Deploying code and releasing a feature are two distinct events. Blue-green and canary strategies control which server version handles traffic. Feature flags go further: a single production build can gate features per user, cohort, or percentage — enabling instant kill-switches without a redeploy.

Jump to the interview angle

Deploy ≠ release

Deployment puts new code on servers. Release exposes it to users. Mixing the two forces high-stakes big-bang rollouts. Separating them — via traffic routing or feature flags — means you can ship code continuously and release when ready.

Blue-green vs canary

DimensionBlue-greenCanary
Traffic split100% flips from old to new at onceSmall % (e.g. 5%) routes to new; grows over time
Rollback speedInstant — flip DNS or LB weight back to blueRedirect canary slice back; no full cutover needed
Infrastructure costDoubles compute — two full environments liveLower — canary slice is a fraction of fleet
Risk exposureAll users hit new build simultaneously after cutoverOnly canary cohort exposed; blast radius is small
Best fitShort-lived releases, DB migrations, compliance freezesGradual feature rollout with real-traffic validation

Feature flags beyond traffic routing

  • Flags gate features in code, not at the load balancer — one binary serves all users.
  • Percentage rollout: increment from 1% to 100% while monitoring error rates.
  • Kill switch: set flag to off for everyone in seconds, no redeploy required.
  • Flag state should be evaluated server-side or at the edge to avoid UI flicker on load.
  • Flag debt accrues fast — delete flags within one sprint of full rollout.

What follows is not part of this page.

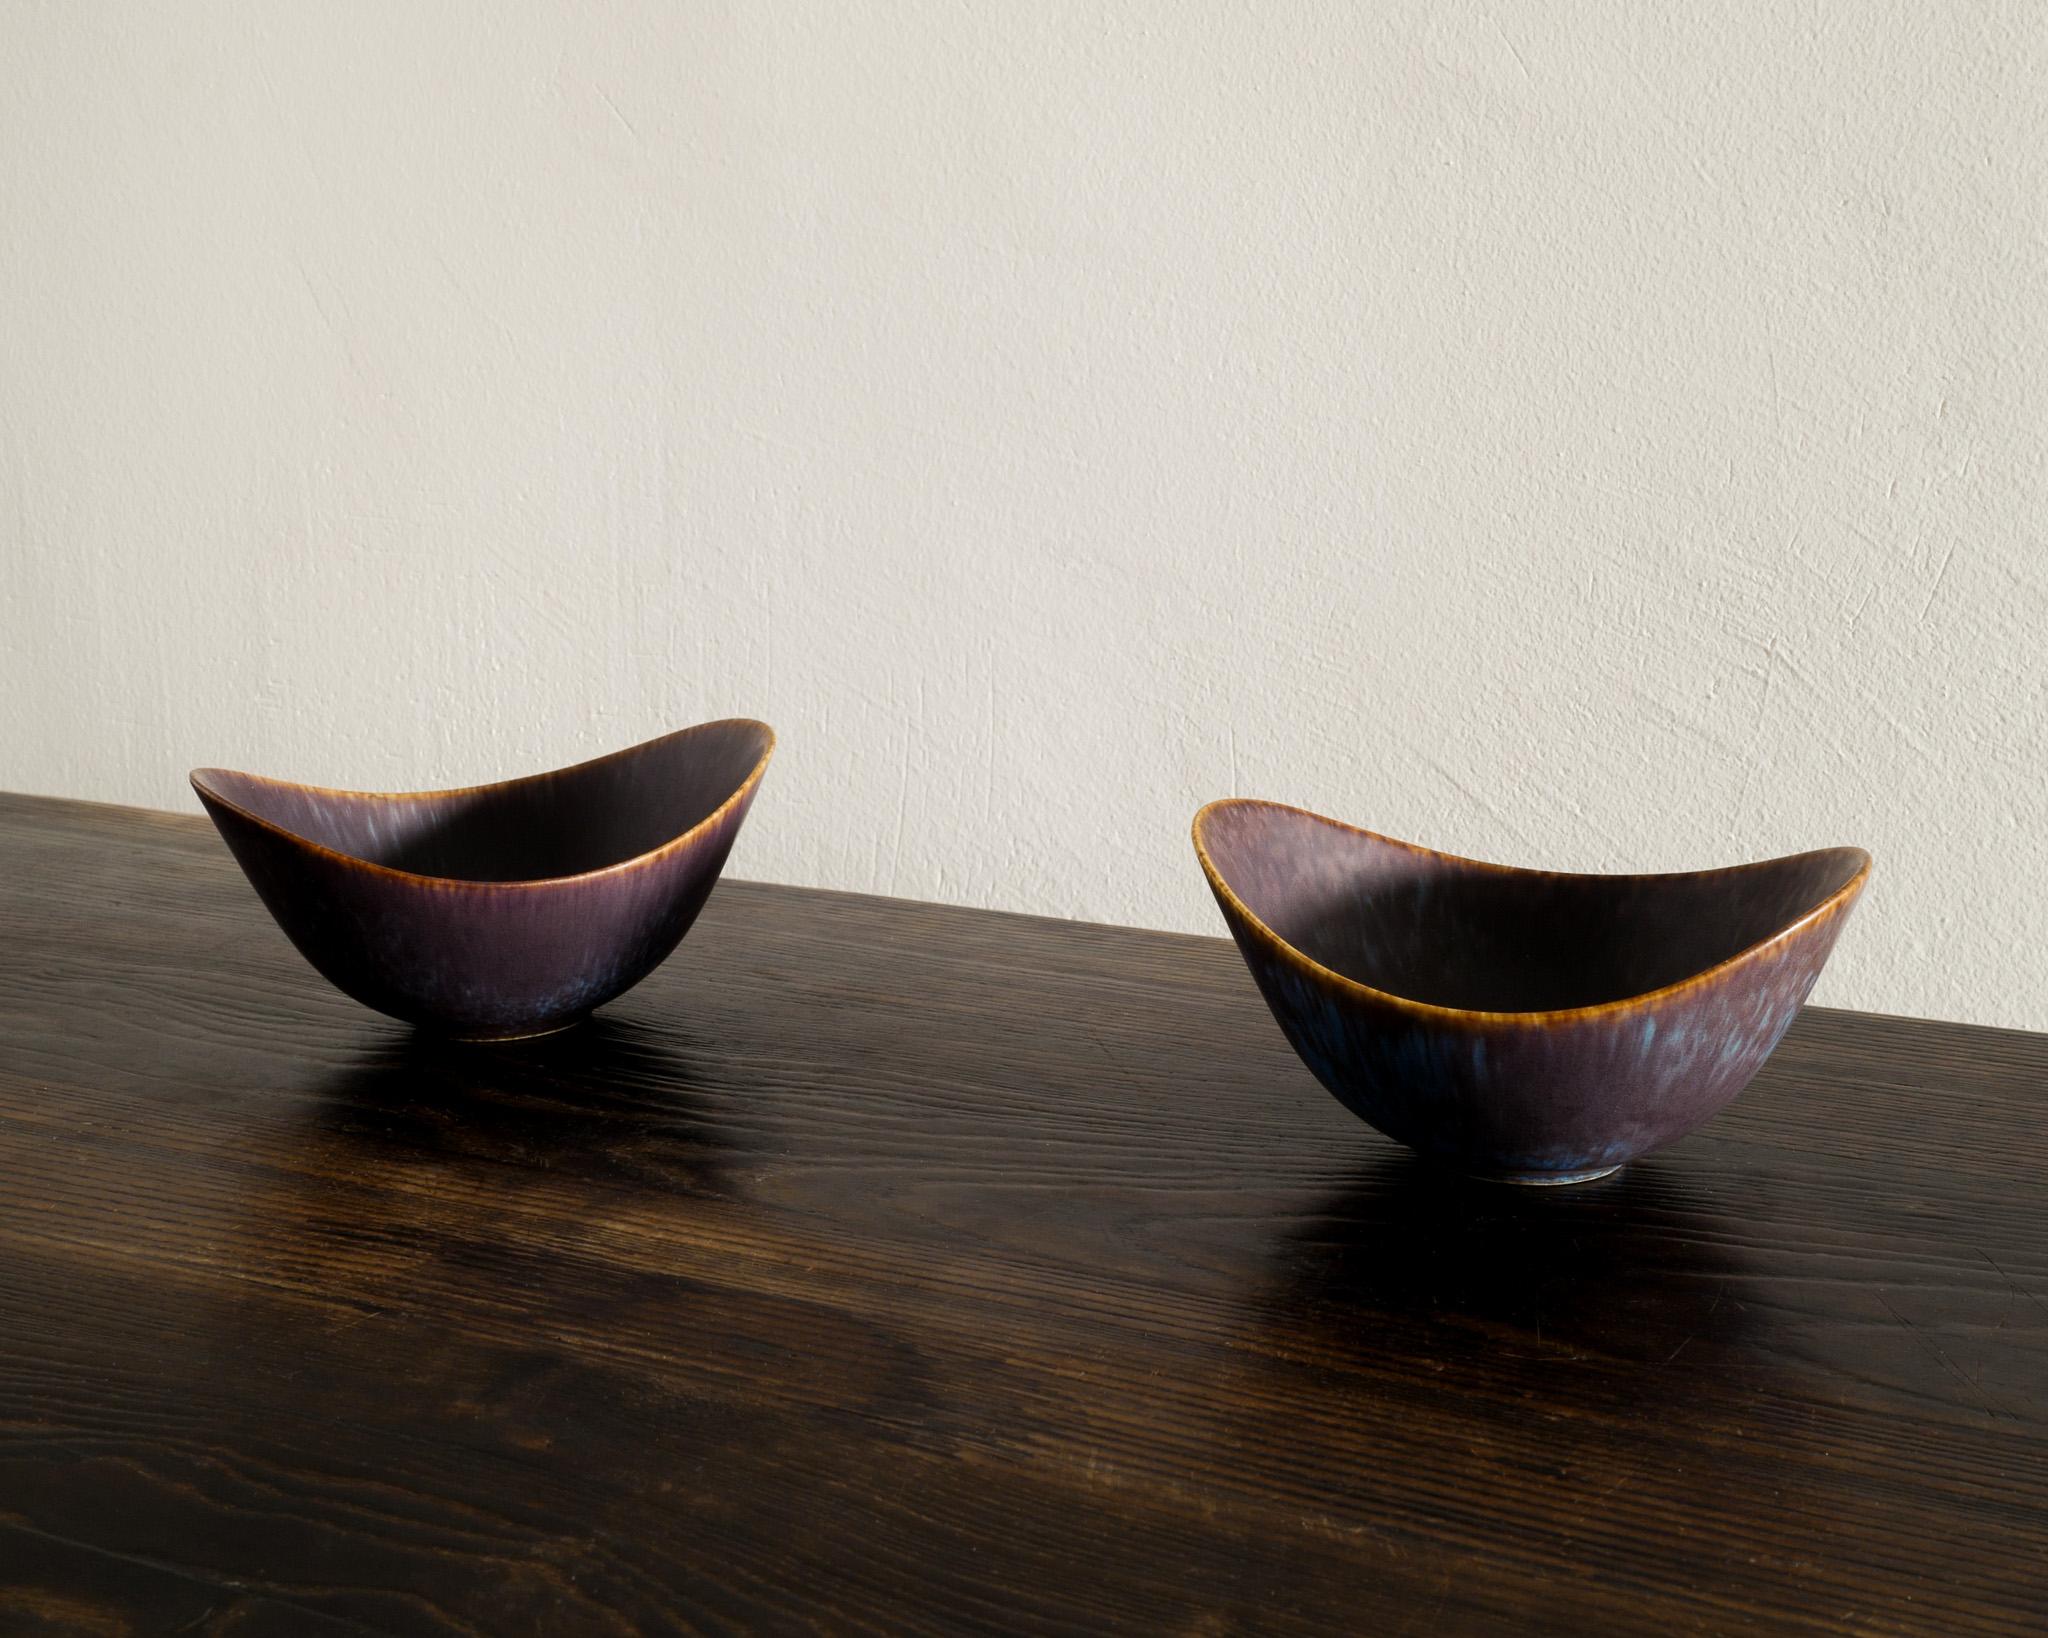 Rare pair of ceramic / stoneware bowls in blue brown glaze by Gunnar Nylund produced by Rörstrand Sweden 1950s. In good condition. Signed

Server-side flag evaluation in Next.js

Evaluating flags in a Server Component or edge middleware prevents the client seeing the wrong variant on first paint.

Flag check in a Next.js Server Componenttsx
// app/checkout/page.tsx  (Next.js 15 App Router)
import { headers } from "next/headers";
import { getFlag } from "@/lib/flags"; // wraps your flag provider SDK

export default async function CheckoutPage() {
  // Runs on the server — no client round-trip, no flicker
  const newFlow = await getFlag("checkout-v2", {
    userId: headers().get("x-user-id") ?? "anon",
  });

  return newFlow ? <CheckoutV2 /> : <CheckoutV1 />;
}

getFlag calls your provider (e.g. LaunchDarkly, Statsig) once per request. The decision is baked into the HTML stream — the client never sees a layout shift.

Canary routing at the load balancer + per-user flag evaluation at the edge: two independent control planes.

Interview angle

Interviewers test whether you know deploy and release are separate concerns. Name blue-green vs canary trade-offs, explain flag evaluation at the server/edge to prevent flicker, and call out flag debt as a real maintenance cost.

Soundbite: "Deploy the code dark, release with a flag — rollback is a config change, not a redeploy."

Key terms

Blue-green deployment
Two identical environments; traffic flips 100% from old (blue) to new (green) atomically.
Canary deployment
New build receives a small traffic slice (e.g. 5%) before gradual promotion to 100%.
Feature flag
A runtime boolean (or multivariate value) that gates code paths without a redeploy.
Kill switch
A feature flag set to off for all users instantly; stops an incident without rollback.
Flag debt
Stale flags that remain in code after full rollout, adding dead branches and review cost.